◆ WORK ORDER: Write again exactly the lines in the listing below, starting at the line with "Funeral Brochure Design" and ending at the line with "Anatomy of a Smart City", both included. Pictures are not copied.

◆ RECORDS PROVIDED:
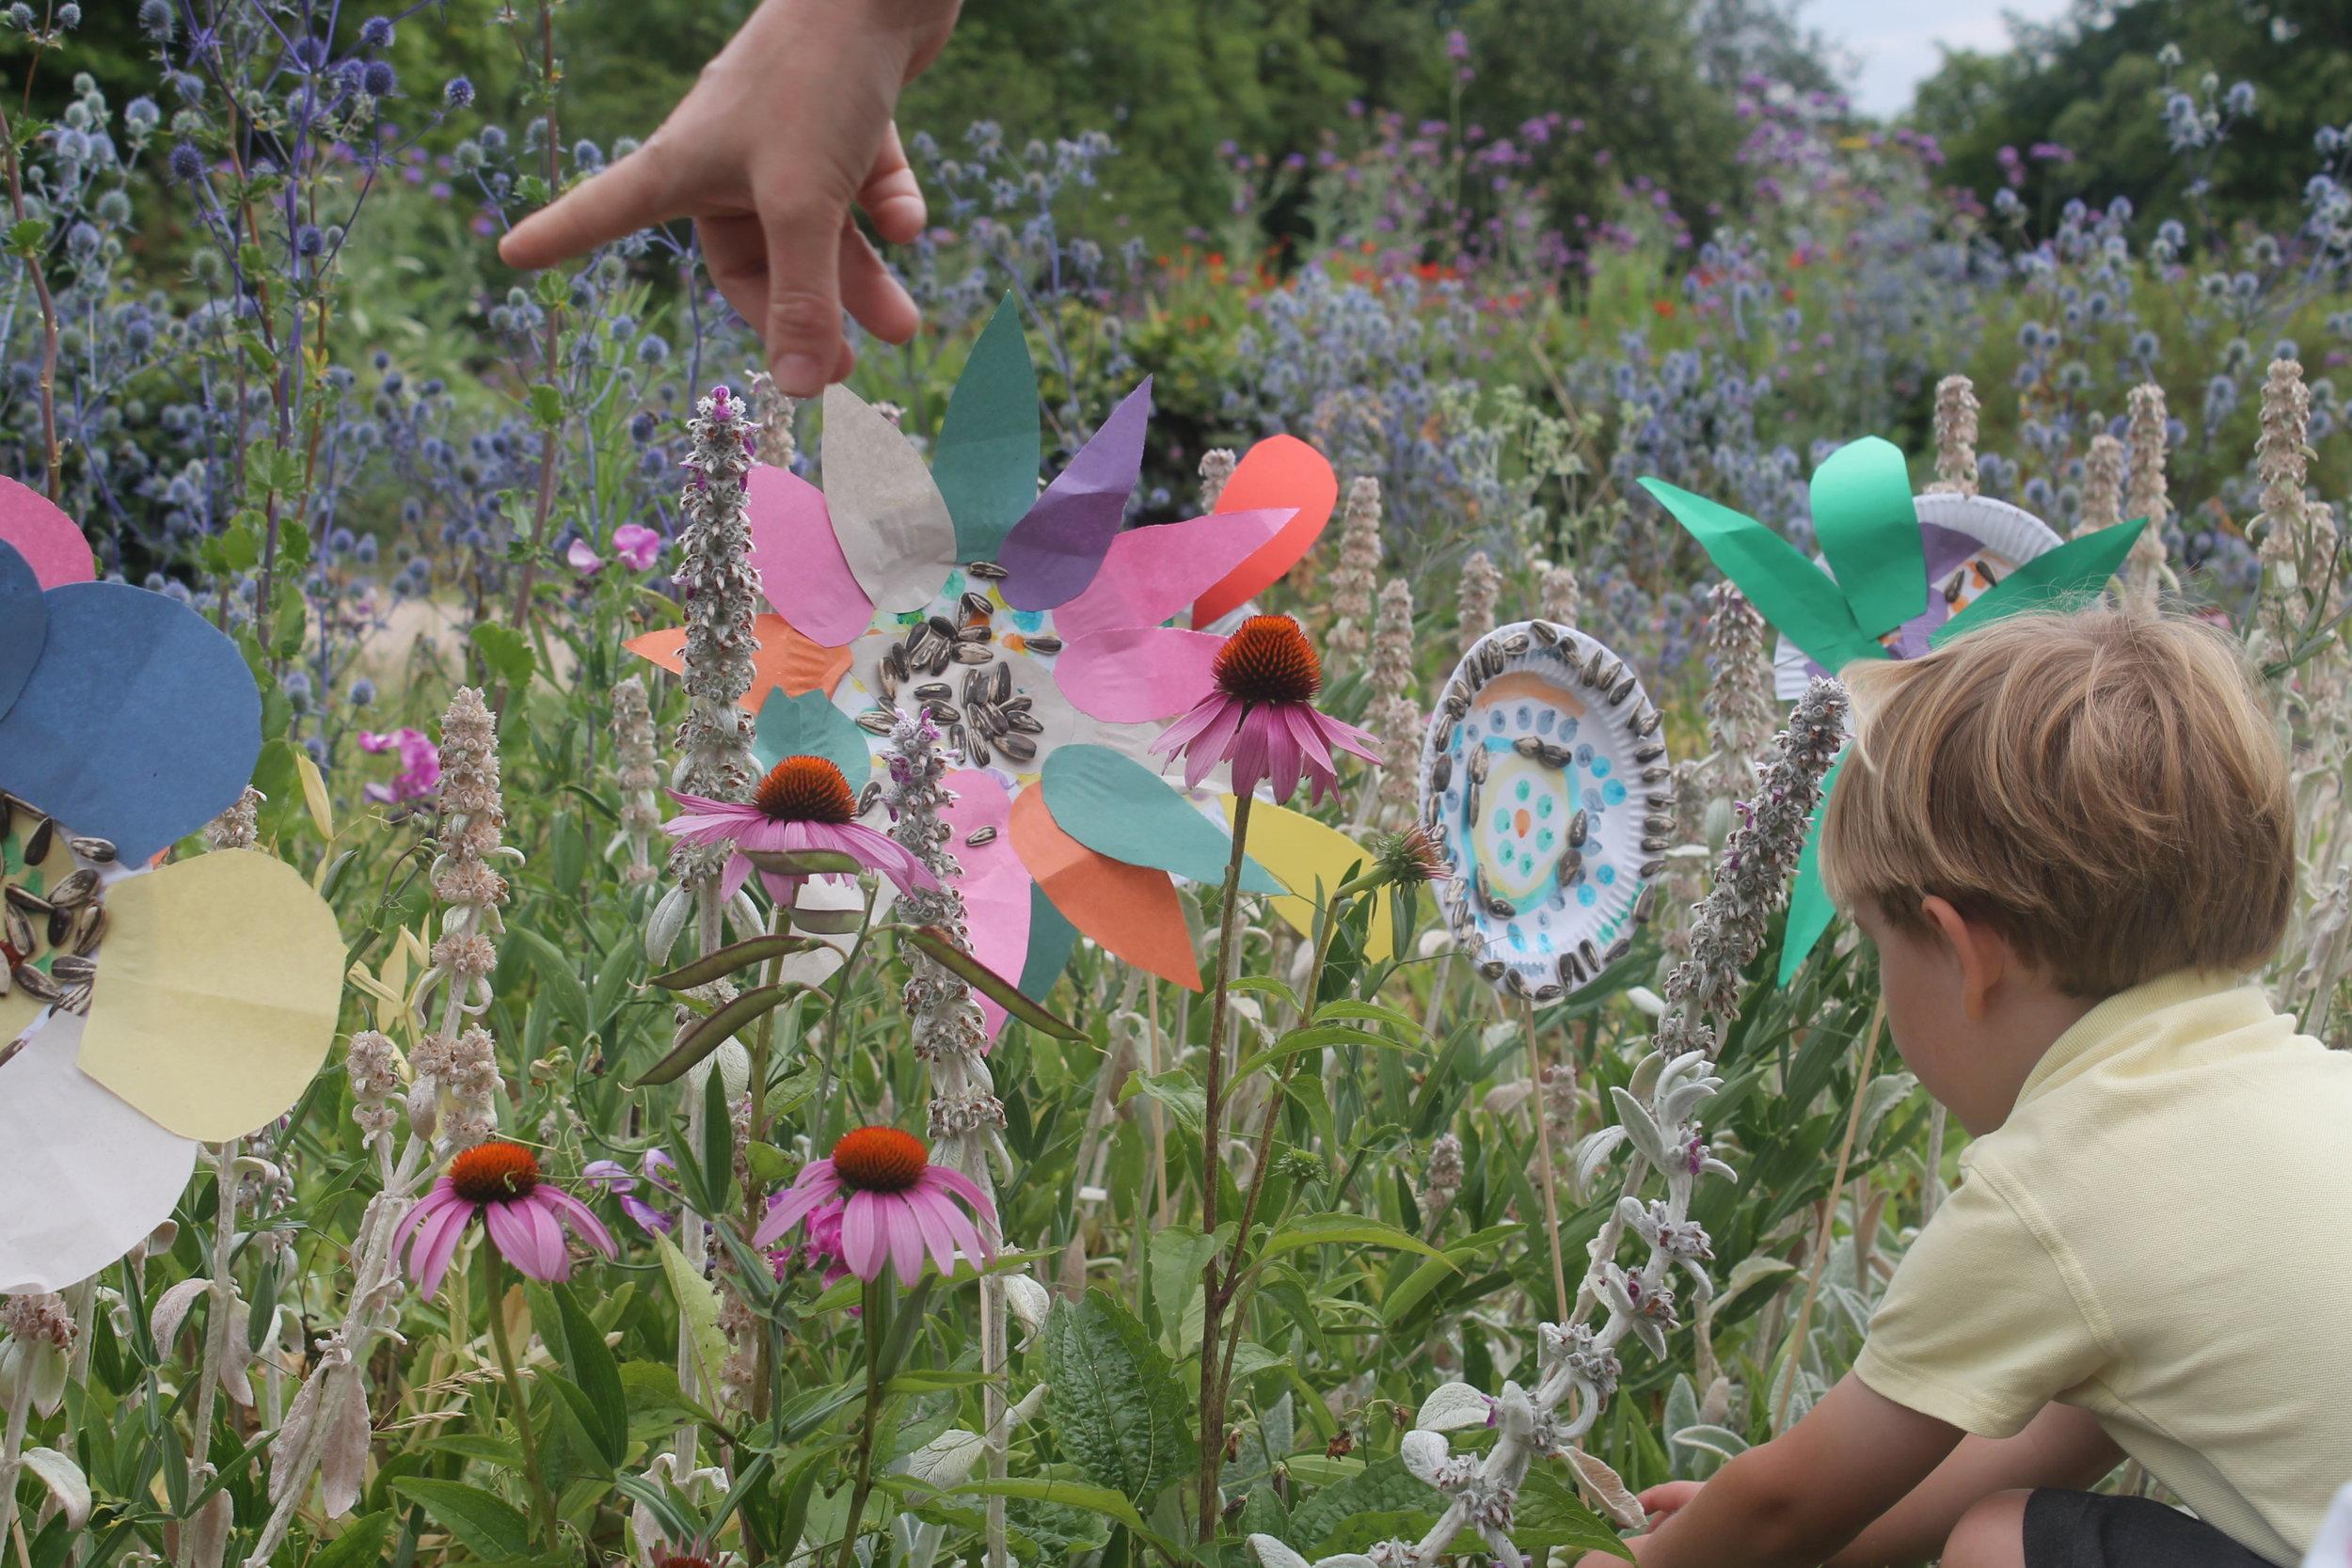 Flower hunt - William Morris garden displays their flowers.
* * *
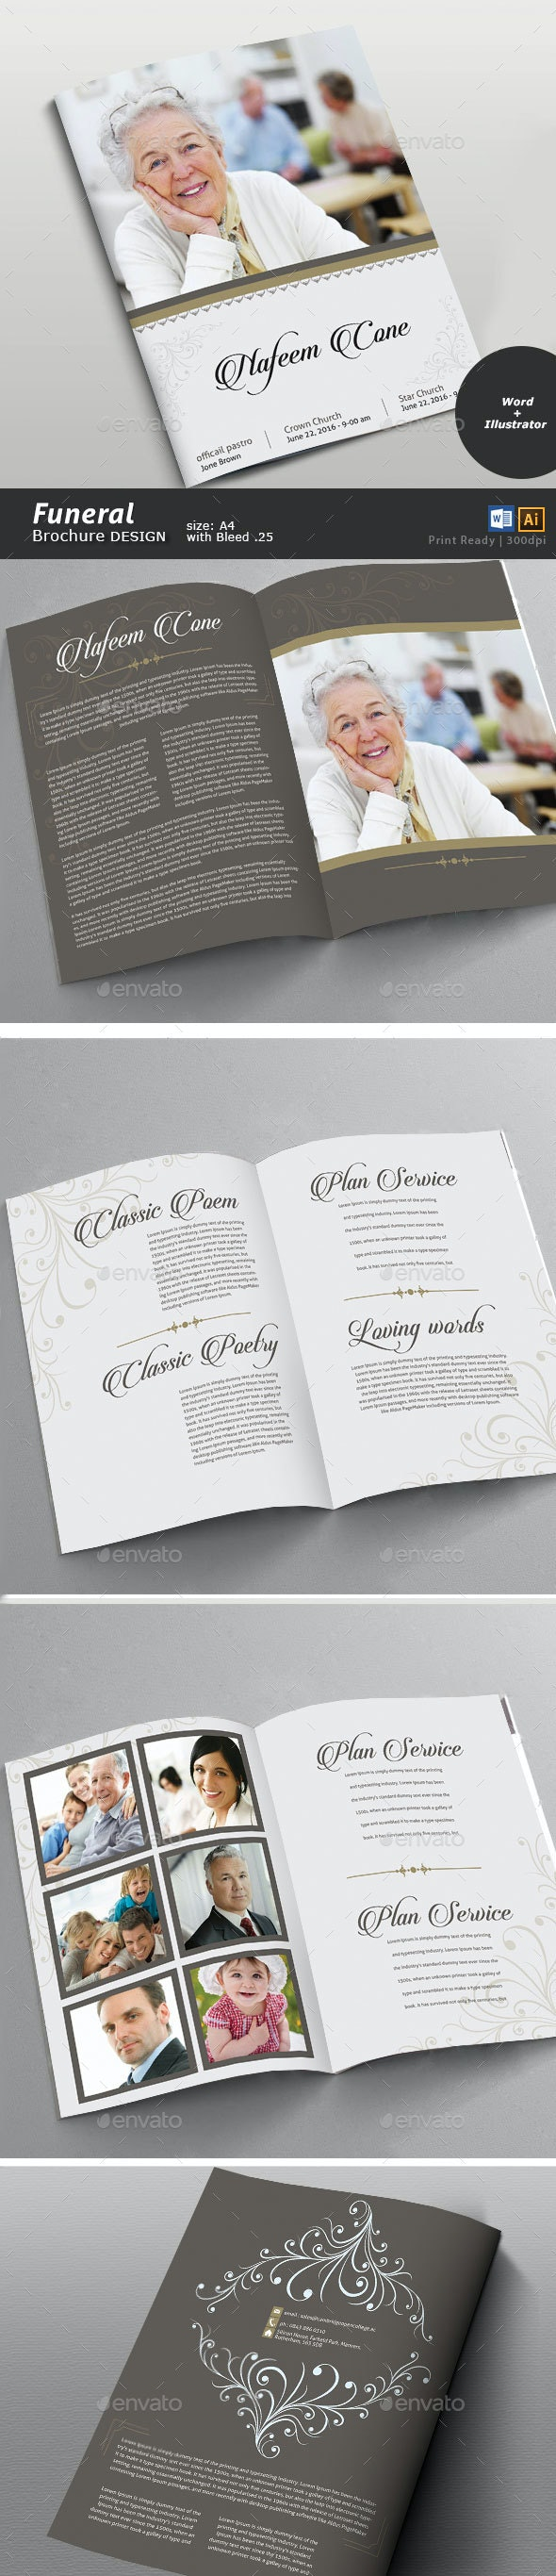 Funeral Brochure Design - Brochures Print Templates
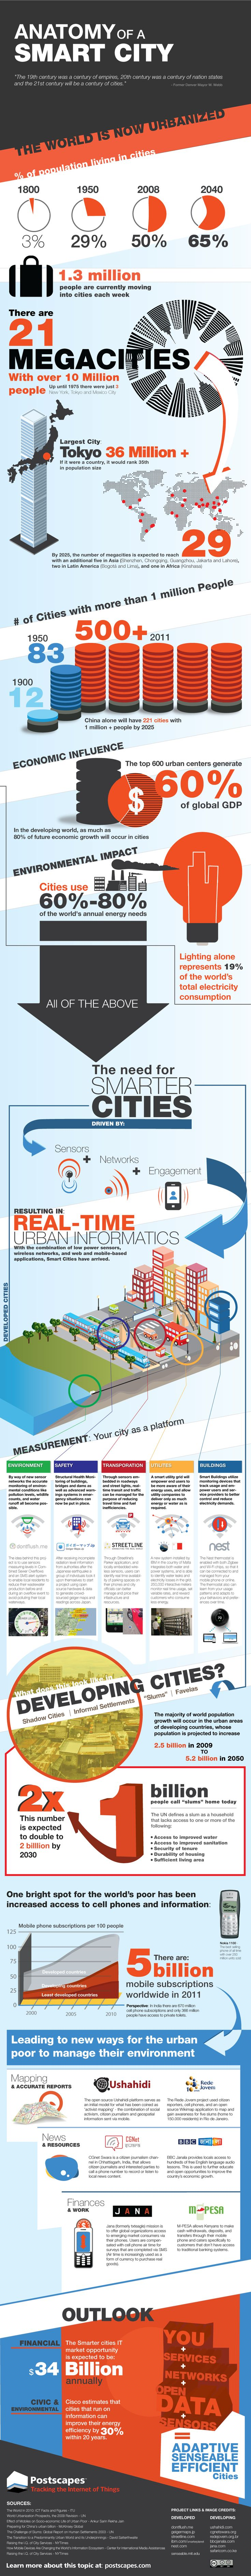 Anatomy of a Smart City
* * *
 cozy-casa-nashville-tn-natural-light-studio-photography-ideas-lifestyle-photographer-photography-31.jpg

◆ COMPLETED TASK:
 Funeral Brochure Design - Brochures Print Templates
 Anatomy of a Smart City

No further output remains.